Song by Demi Lovato

from the album Dancing with the Devil... the Art of Starting Over
- Studio: SuCasa Recording (Los Angeles, California)
- Genre: Pop
- Length: 3:32
- Label: Island
- Songwriters: Demi Lovato; Eren Cannata; Julia Michaels; Justin Tranter; Keith "Ten4" Sorrells; Warren "Oak" Felder;
- Producers: Eren Cannata; Oak; Alex Nice; Keith "Ten4" Sorrells;

Music video
- "Melon Cake" on YouTube

= Melon Cake =

2021 song by Demi Lovato

"Melon Cake" is a song recorded by the American singer Demi Lovato for her seventh studio album, Dancing with the Devil... the Art of Starting Over, which was released through Island Records in 2021. Lovato wrote it along with Julia Michaels, Justin Tranter, and its producers Eren Cannata, Warren "Oak" Felder, and Keith "Ten4" Sorrells. Alex Nice also provided production.

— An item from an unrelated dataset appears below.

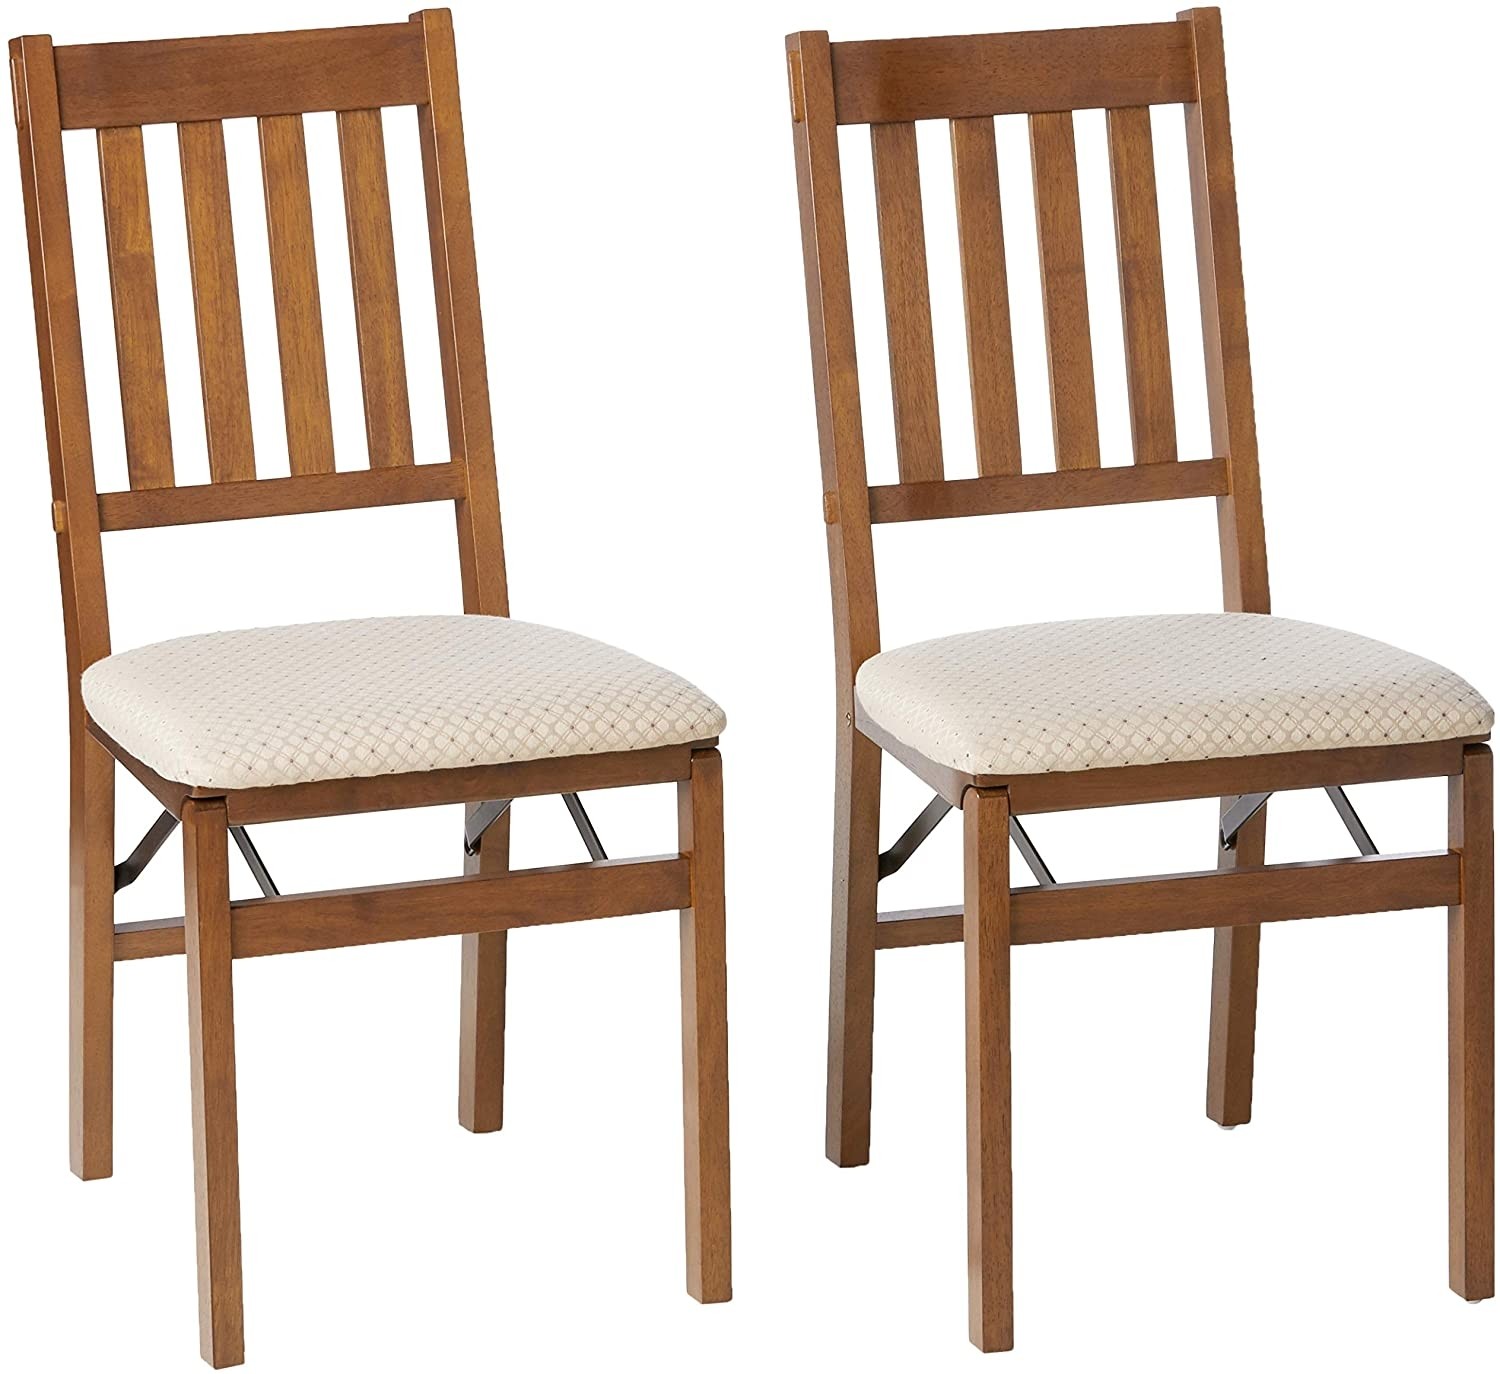 Stakmore folding chairs 1
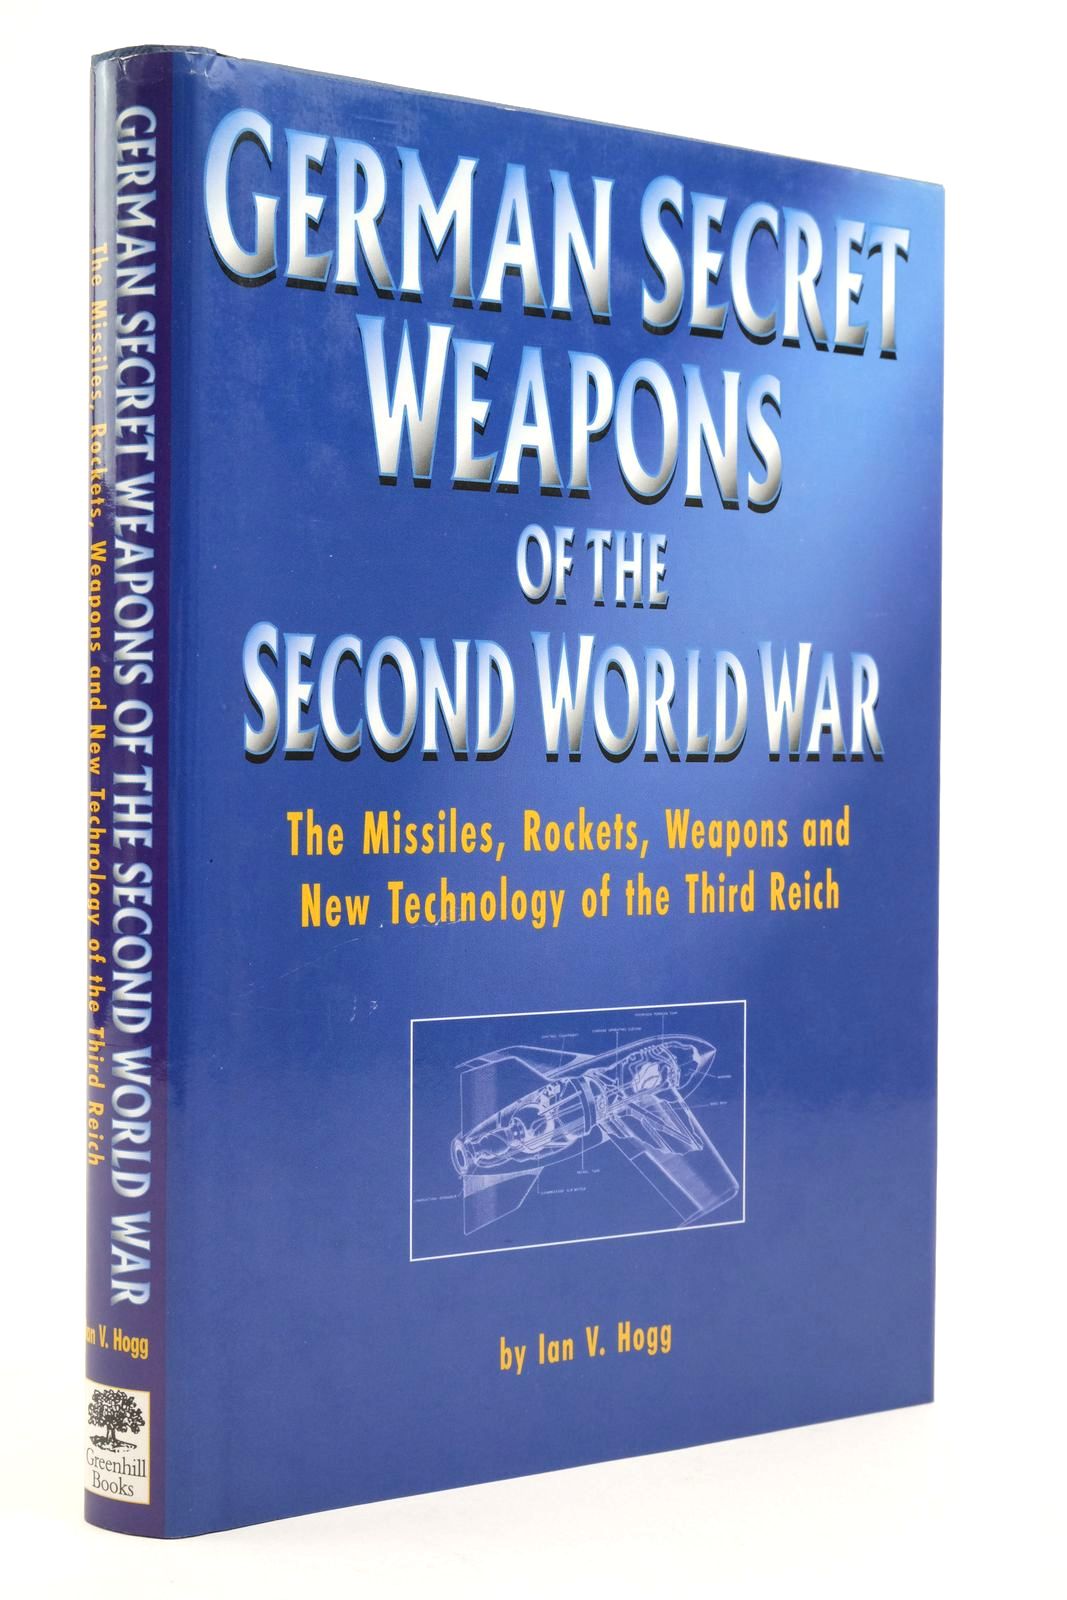 Photo of GERMAN SECRET WEAPONS OF THE SECOND WORLD WAR written by Hogg, Ian V. published by Greenhill Books (STOCK CODE: 2138827)  for sale by Stella & Rose's Books

The title of the song is a reference to Lovato's past hyper-restricted diet, and its lyrics emphasize on a "good-riddance send-off" to her old management. "Melon Cake" received generally positive reviews from critics. A Hannah Lux Davis-directed music video for the track premiered exclusively on Facebook on August 20, 2021, and was released on Lovato's Vevo channel on the following day.

== Composition ==
"Melon Cake" is a pop track, described by Vulture as a "catchy" song that doubles as a break-up song with restrictive diet culture. Its title is a reference to Lovato's former diet, hyper-restricted by her team, where her birthday cake was a "watermelon cake where you cut your watermelon into the shape of a cake and you put fat-free whipped cream on top", according to what the singer stated in an interview with the Ellen DeGeneres Show in 2020. On the song, Lovato also emphasizes on "overcoming her demons".

== Critical reception ==
Quinn Moreland for Pitchfork called the song "synthy", and wrote: "Even as Lovato confidently declares that melon cakes are a thing of the past, the image is so depressing [it is] difficult to focus on anything else, especially on what is intended to be a fun song. But [is not] that what so many of us do to survive? We attempt to reframe our traumas as lessons learned; we use humor as a defense mechanism; we move on because dwelling in guilt or shame furthers the destructive spiral". The Line of Best Fits Rachel Saywitz found the track "awkwardly self-reflecting", but also "a revealing look at how strict diet regulation was harmful, and her joy to be without it makes for a celebratory listen". Writing for The Daily Telegraph, Neil McCormick dubbed "Melon Cake" as "the most cheerful song about anorexia you will ever hear". Patrick Ryan of USA Today named "Melon Cake" as the best song on Dancing with the Devil... the Art of Starting Over and a fan-favorite.

== Music video ==
The music video for "Melon Cake" was directed by Hannah Lux Davis. It premiered exclusively on Facebook on August 20, 2021, as part of Lovato's 29th birthday, and released on her Vevo channel on the following day. In a statement presenting it, she wrote: "No more melon cakes on birthdays...29, I'm here today and I'm happy you are too". The video has a "candy-colored" theme and it sees Lovato "embracing joy and apologizing to [her] past self for what [she] went through". It begins with the singer buying a girl a birthday cake at a bakery, and then transitions to Lovato in a black jumpsuit, jacket, and cowboy hat in front of colored visuals and background dancers, where she sings along to the lyrics of the track. Glitter Magazine described the video as "a true moment of self-expression for Lovato".

==Personnel==
Performers and musicians
- Demi Lovato – vocals
- Eren Cannata – guitar, bass guitar, keyboards, drum programming
- Alex Nice – keyboards
- Oak – drums, keyboards
- Keith Sorrells – guitar, drum programming

Technical
- Eren Cannata – production
- Chris Gehringer – mastering
- Eric J – mixing
- Alex Nice – co-production
- Oak – vocal production, recording
- Keith Sorrells – co-production

Credits adapted from Dancing with the Devil... the Art of Starting Over.